Assignment: What you return should be only the lines in the entries below between the one holding "Куртка WELLENSTEYN brandungsparka" and the one holding "How To Prevent", ends included, with every picture left out.

Extracted material:
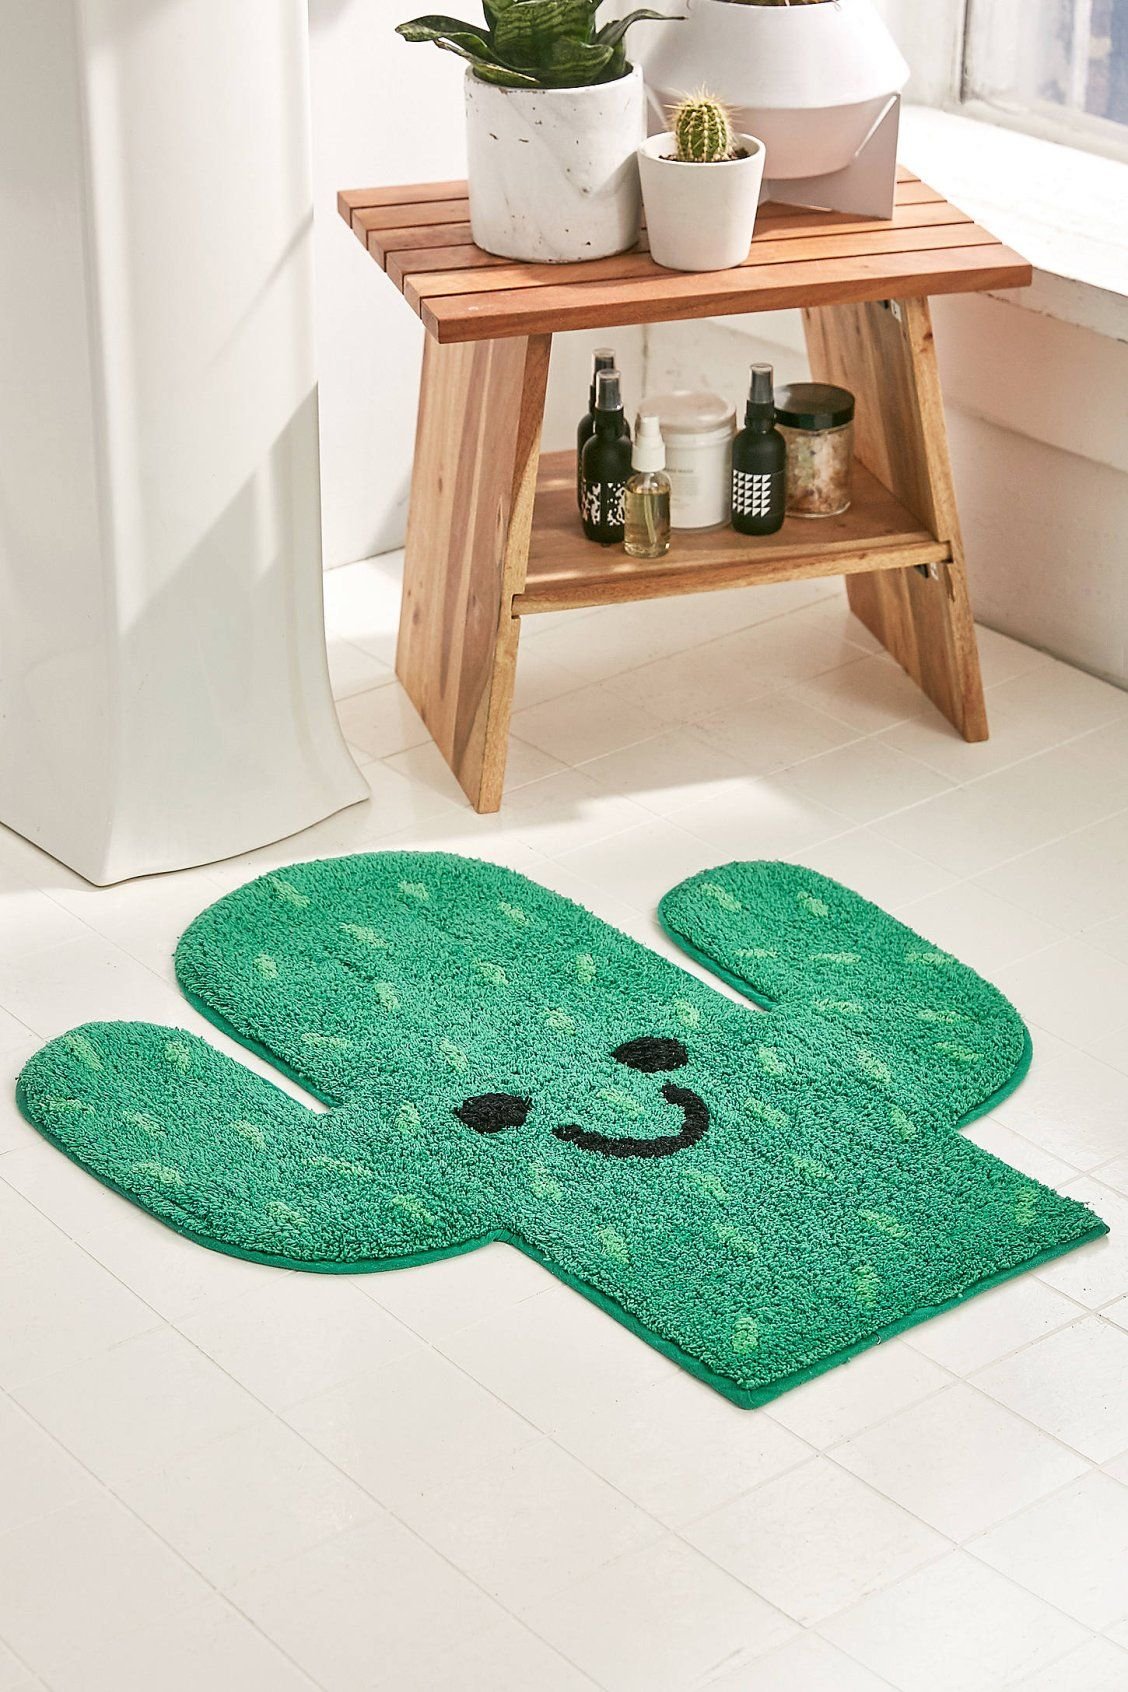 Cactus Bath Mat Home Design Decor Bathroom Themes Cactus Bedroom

==

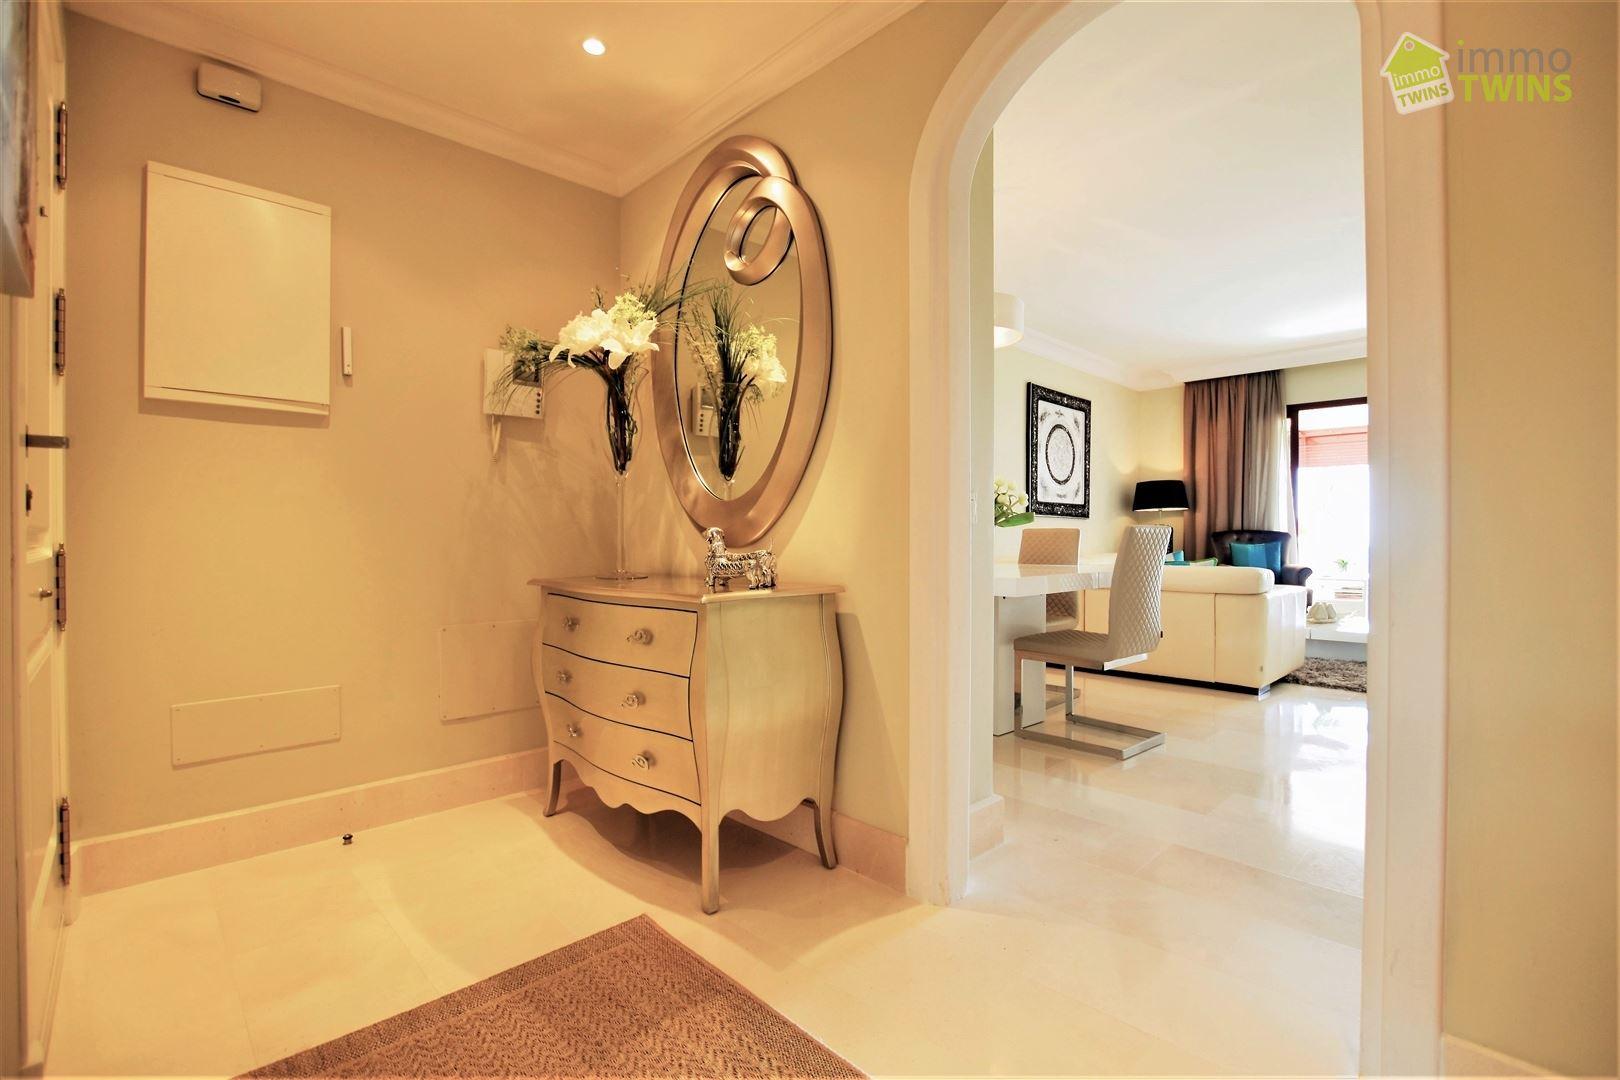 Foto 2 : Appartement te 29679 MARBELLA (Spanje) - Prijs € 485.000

---

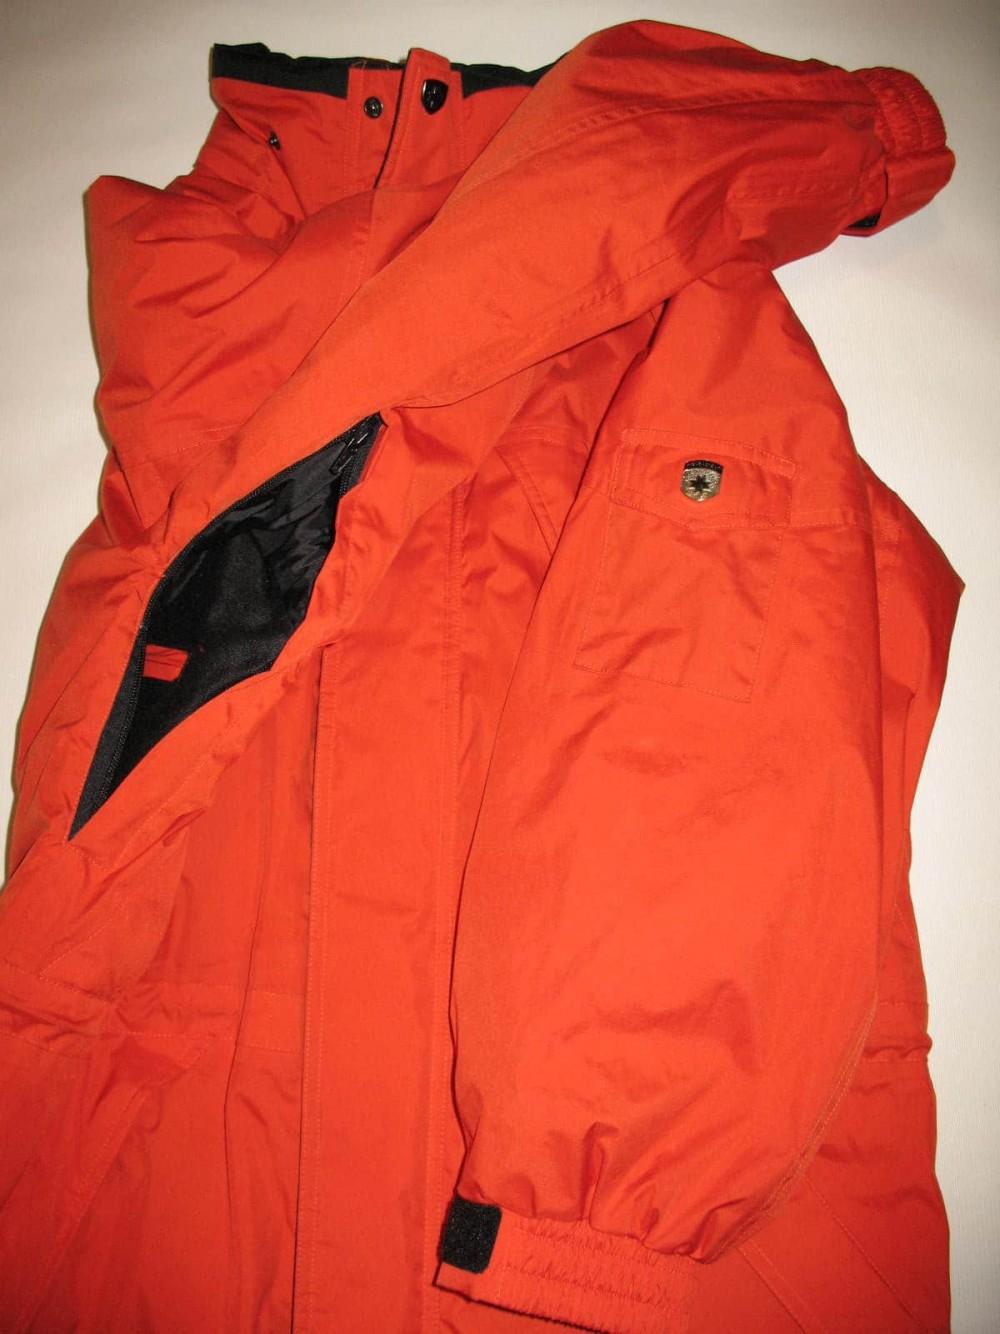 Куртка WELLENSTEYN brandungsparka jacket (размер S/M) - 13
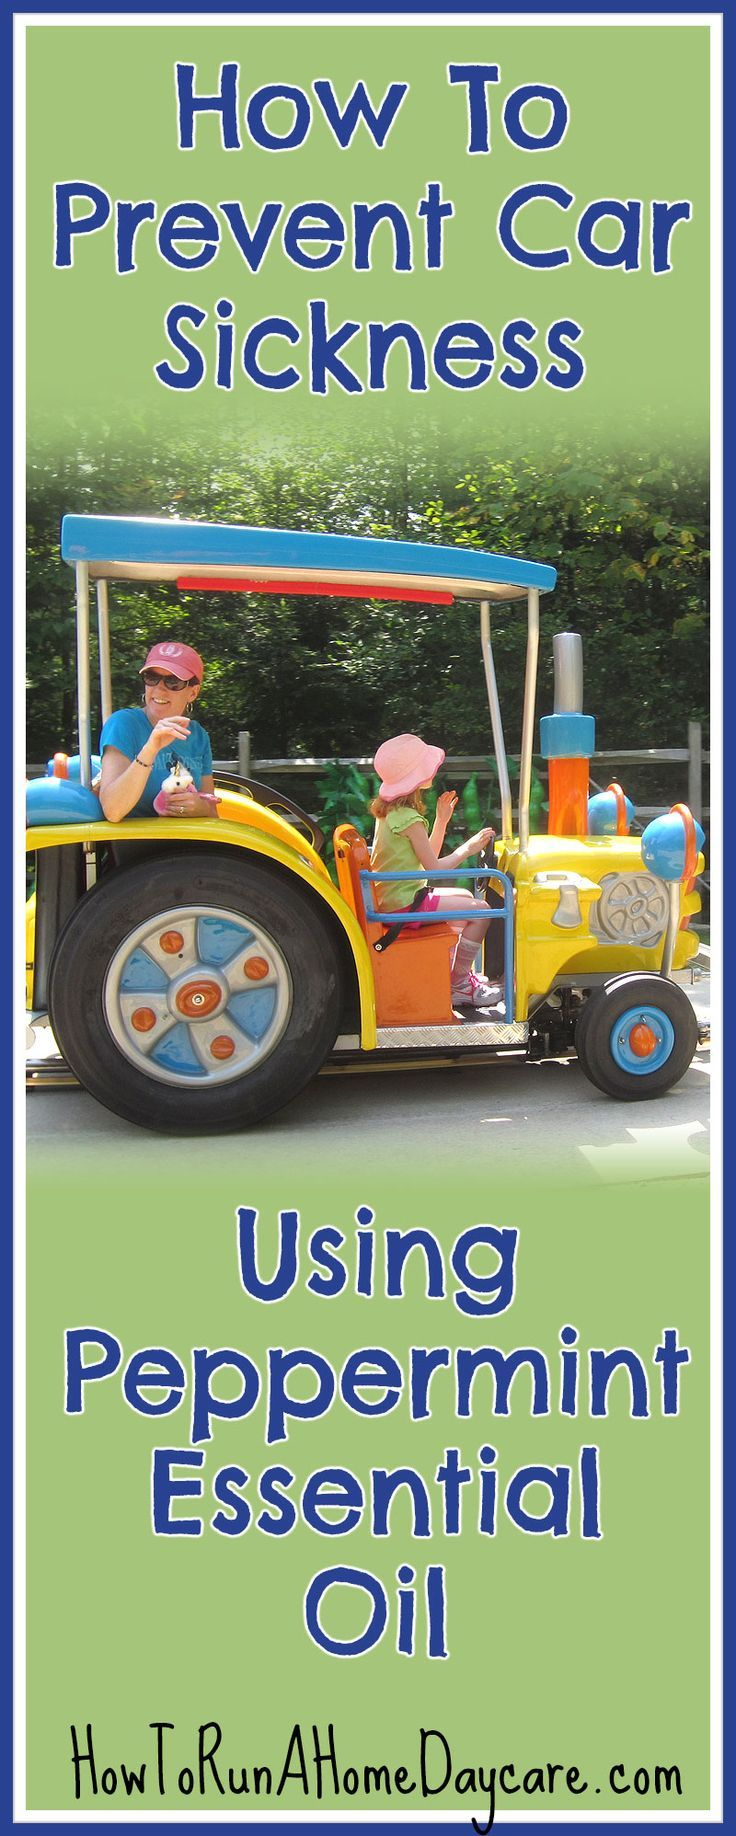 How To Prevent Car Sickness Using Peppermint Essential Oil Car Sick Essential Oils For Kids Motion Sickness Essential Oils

Answer to this exercise:
 Куртка WELLENSTEYN brandungsparka jacket (размер S/M) - 13
 How To Prevent Car Sickness Using Peppermint Essential Oil Car Sick Essential Oils For Kids Motion Sickness Essential Oils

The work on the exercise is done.